Andrés was left without arguments.
The provisional ruling was clear.
Lucía would retain custody of Emilia and Santiago.
Andrés would have to pay immediate child support.
Visitation would be supervised.
All contact with Lucía would be through lawyers.
Additionally, a review of the banking movements of the account designated for the minors and the loan attempt against the house was ordered.
Andrés left the courthouse with his jaw clenched and his pride in tatters.
Outside, Doña Patricia waited for him.
—Mom, say something.
She looked at him as if she finally saw the spoiled child she had raised.
—What do you want me to say? You left because they cried. And now you’re the one who can’t stand the noise.
For months, Andrés tried to clean up his image.
He said Lucía took his children from him.
He said Fernanda manipulated her.
He said the lawyer exaggerated.
But every time someone asked him why he hadn’t called for 30 days, he was left speechless.
The supervised visits were cold.
Andrés arrived with expensive toys, brand-name clothes, and huge bags, as if he could buy 30 days of absence.
Emilia cried when he held her.
Santiago stayed stiff, looking for his mother with his eyes.
A social worker noted everything.
One day Andrés became desperate.
—They don’t recognize me.
The woman replied without bitterness:
—Babies recognize presence, sir. Not gifts.
That phrase hit him where it hurt the most.
Lucía didn’t celebrate his downfall.
She didn’t smile when the judge confirmed the support payment.
She didn’t feel victorious when Andrés had to return the money for the twins.
Nor did she feel joy when Doña Patricia came to see her months later, with wet eyes, to say:
—I was wrong about you.
Lucía only replied:
—It wasn’t me you needed to think about. It was them.
Over time, Lucía moved to a small house near Fernanda.
It wasn’t large, but it was clean. It smelled of coffee, hot soup, and freshly washed baby clothes.
Emilia learned to laugh with her whole face.
Santiago learned to sleep with his little hand closed around his mother’s finger.
Fernanda arrived on Sundays with sweet bread, songs, and that aunt’s energy that seems to save everything.
One afternoon, when the twins turned three, Lucía found the broken wedding portrait in a box.
The glass was gone.
Andrés smiled next to her as if he would never fail.
Lucía looked at it without anger.
She put it in an envelope and wrote on top:
“To remember where we came from, not to go back.”
Years later, when Emilia asked why her dad didn’t live with them, Lucía didn’t speak with hatred.
She didn’t say Andrés was a monster.
She didn’t say he abandoned them.
She simply sat in front of the two and said:
—There are people who love when everything is easy. And there are people who stay when everything gets tough. You deserve people who stay.

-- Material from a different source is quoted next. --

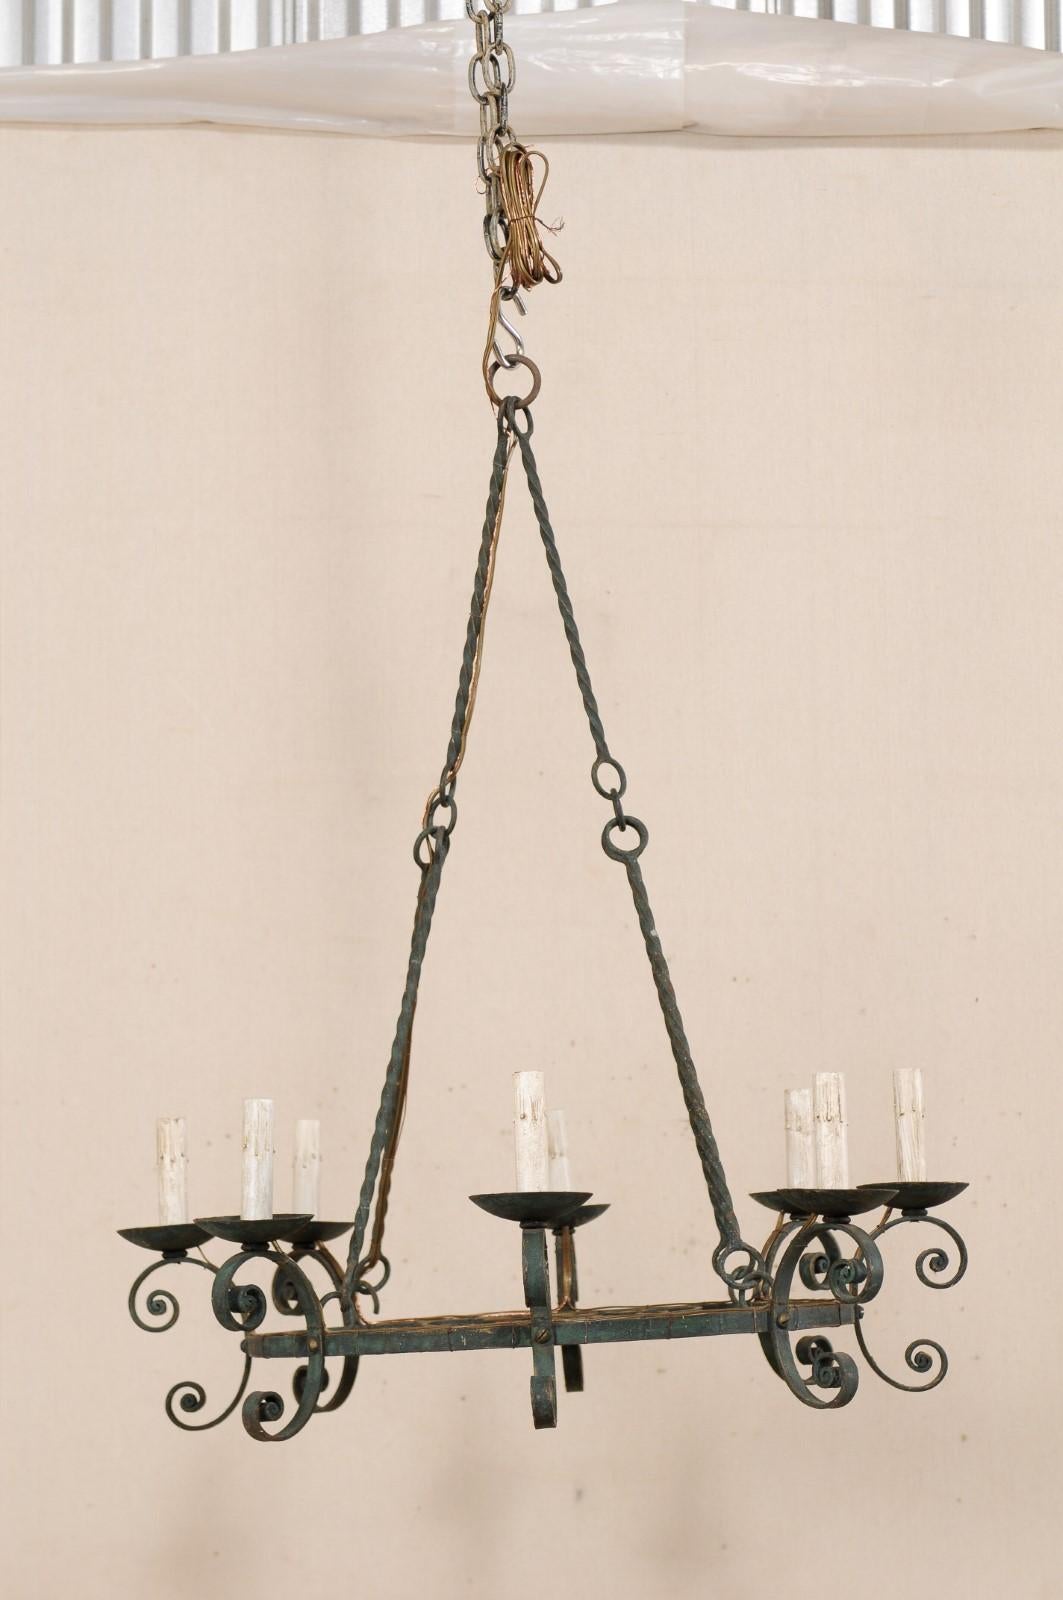 Forged Mid-20th Century French Round Scrolled Iron Chandelier with Lovely Patina

Santiago hugged her around the waist.
Emilia asked: —Did you stay too, mom?
Lucía stroked her hair.
—Every day.
And in that embrace, Lucía understood that justice doesn’t always come as revenge.
Sometimes it comes as a quiet home.
As two children sleeping without fear.
As a mother who stopped asking for permission to protect her children.
Andrés had asked for air.
Lucía gave him space.
An empty house.
A family that learned to live without waiting for his return.
And although that silence haunted him for years, Lucía never again confused absence with peace.
Because true peace didn’t start when Andrés left.
It started when she chose her children over a man who only wanted to be a father when the crying didn’t bother him.